The almost 6.5-foot-tall Peregrine lunar lander, built by Pittsburgh-based Astrobotic, is scheduled to touch down on the Moon’s surface on February 23. Twenty government and private payloads will be transported by the lander.
The next launch will also be the first time that ULA’s Vulcan Centaur rocket has flown.

First crewed lunar mission in over fifty years is Artemis 2.
The next spacecraft to visit the Moon is NASA’s Artemis 2, which will be the first crewed mission to do so since the end of the Apollo programme in 1972.
Four astronauts will be carried by Artemis 2 on a ten-day lunar orbit before they are brought back to Earth. There will be no moon landing for the mission.
The launch is currently scheduled for November 2024, but if necessary equipment, including spacesuits and oxygen gear, is not ready, it may be postponed until 2025.

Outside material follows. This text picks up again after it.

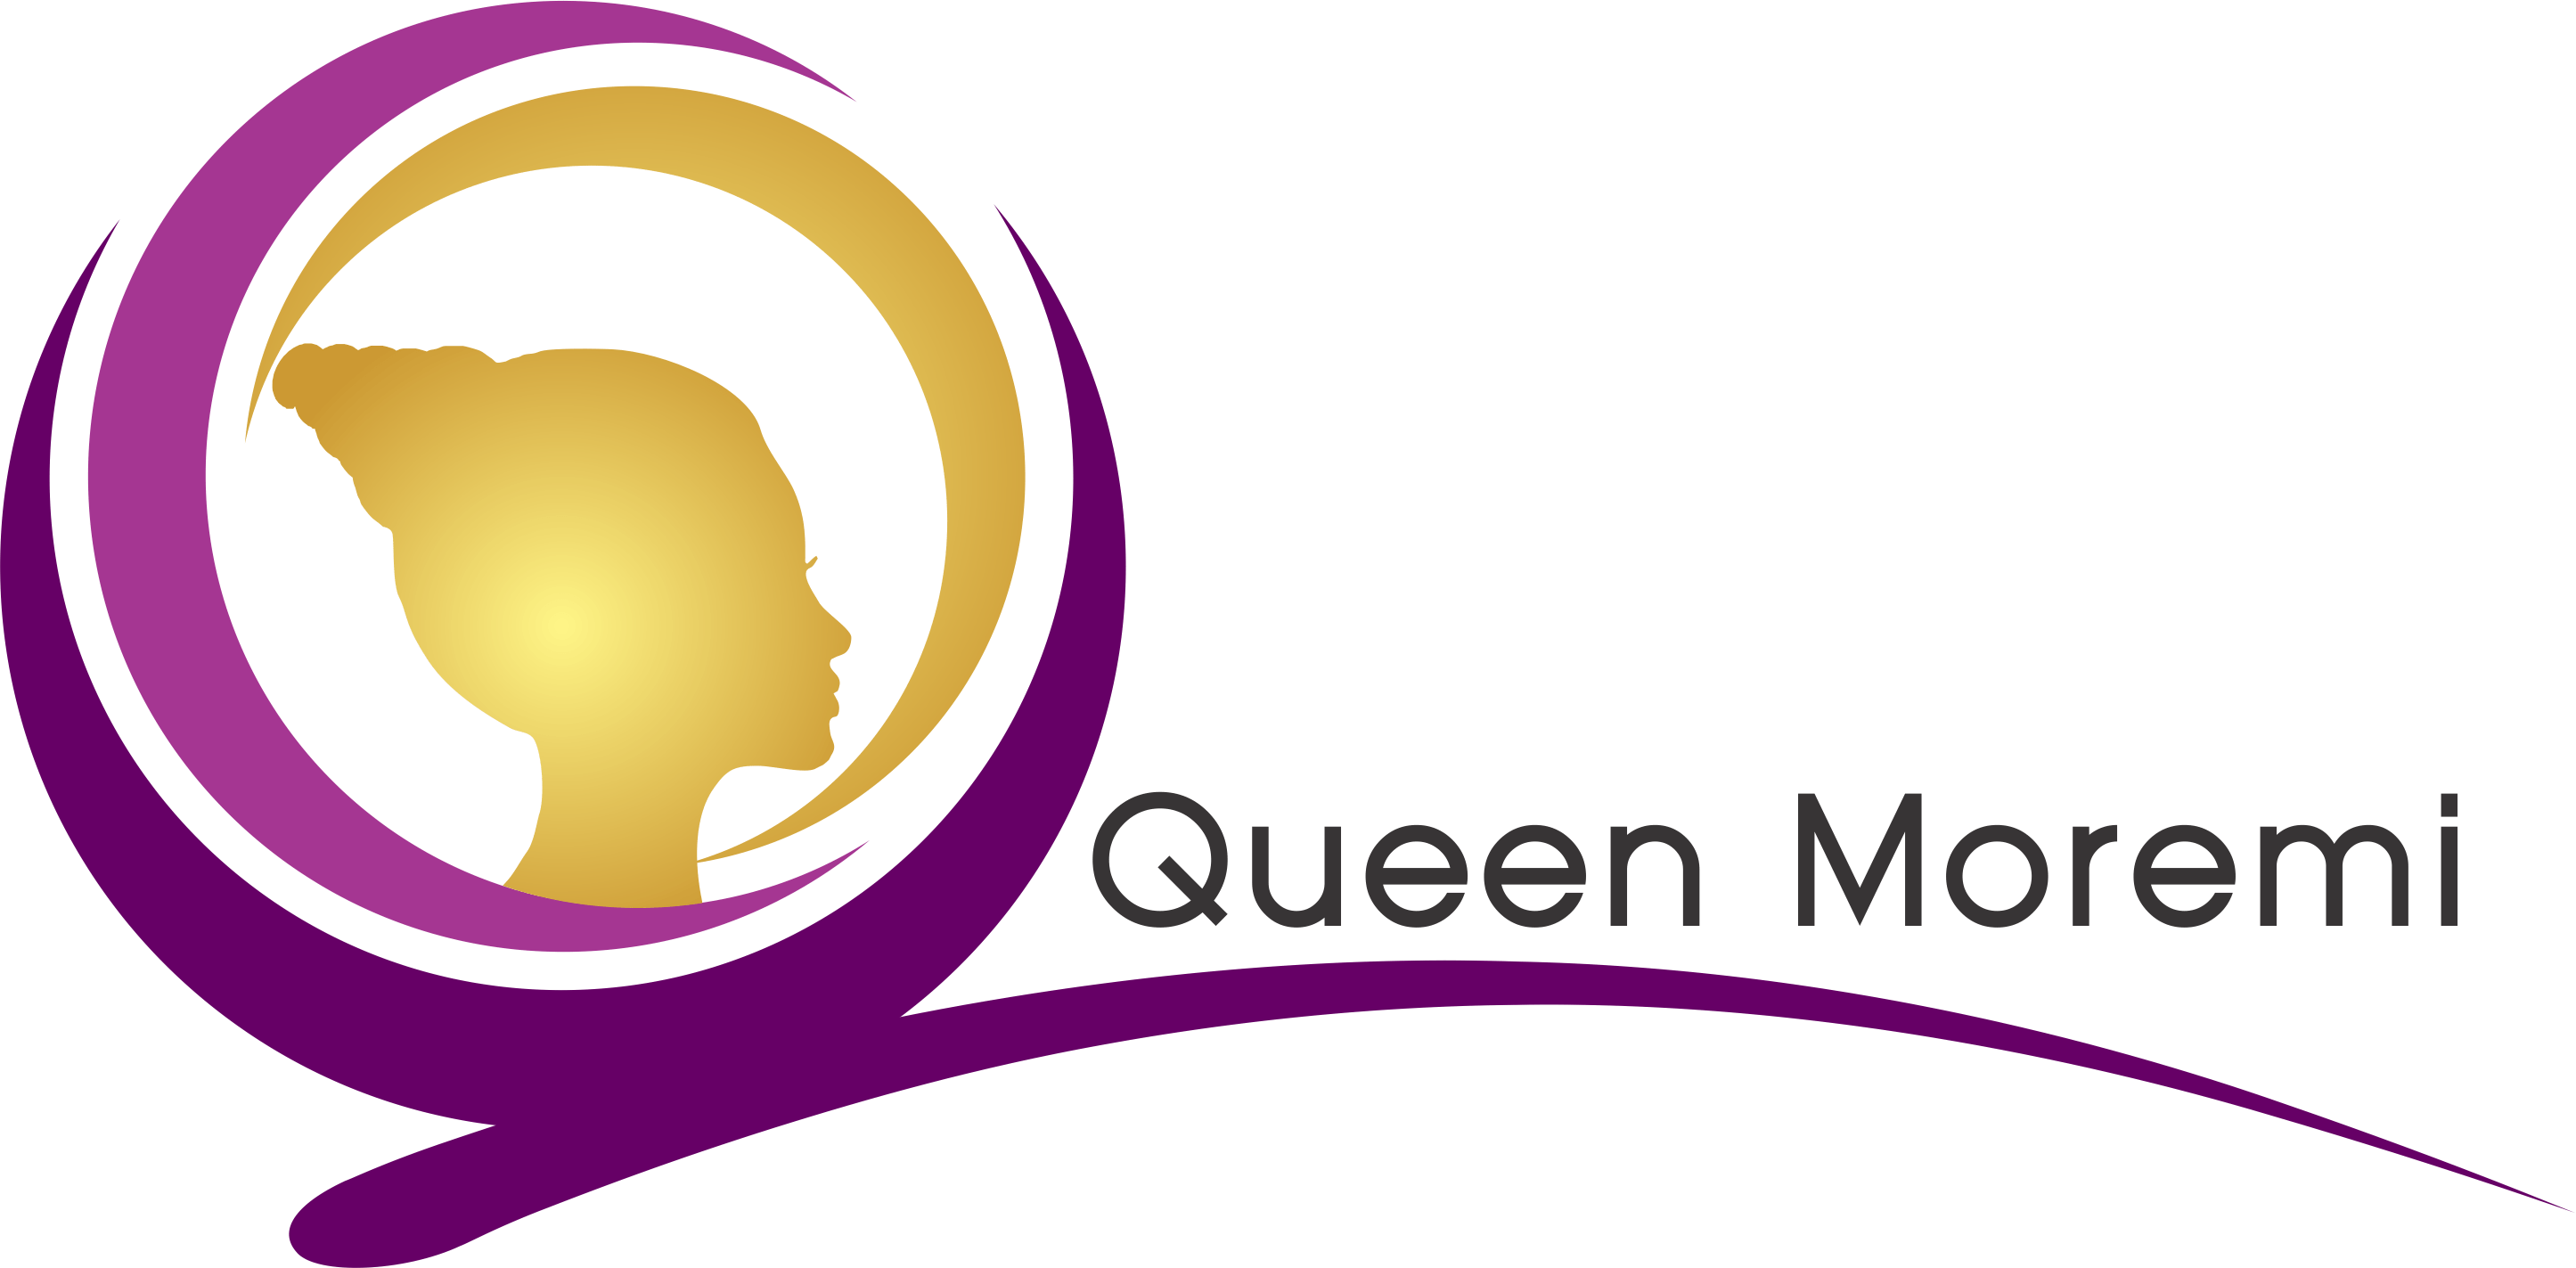 Queen Moremi Ajasoro Beauty Pageant Will Promote Activism, - Graphic Design (2891x1423)

Europa Clipper will look at whether Juipter’s moon Europa is habitable.
The goal of NASA’s Europa Clipper mission is to investigate Europa, one of Jupiter’s larger moons.
Under its frozen surface, this Jovian moon is believed to have a sizable salty ocean that might hold more water than all of Earth’s oceans put together.
Researchers want to know if the seas surrounding Europa could harbour extraterrestrial life.
The spacecraft is expected to arrive in the Jupiter system in 2030 after launching on a SpaceX Falcon Heavy rocket in October 2024.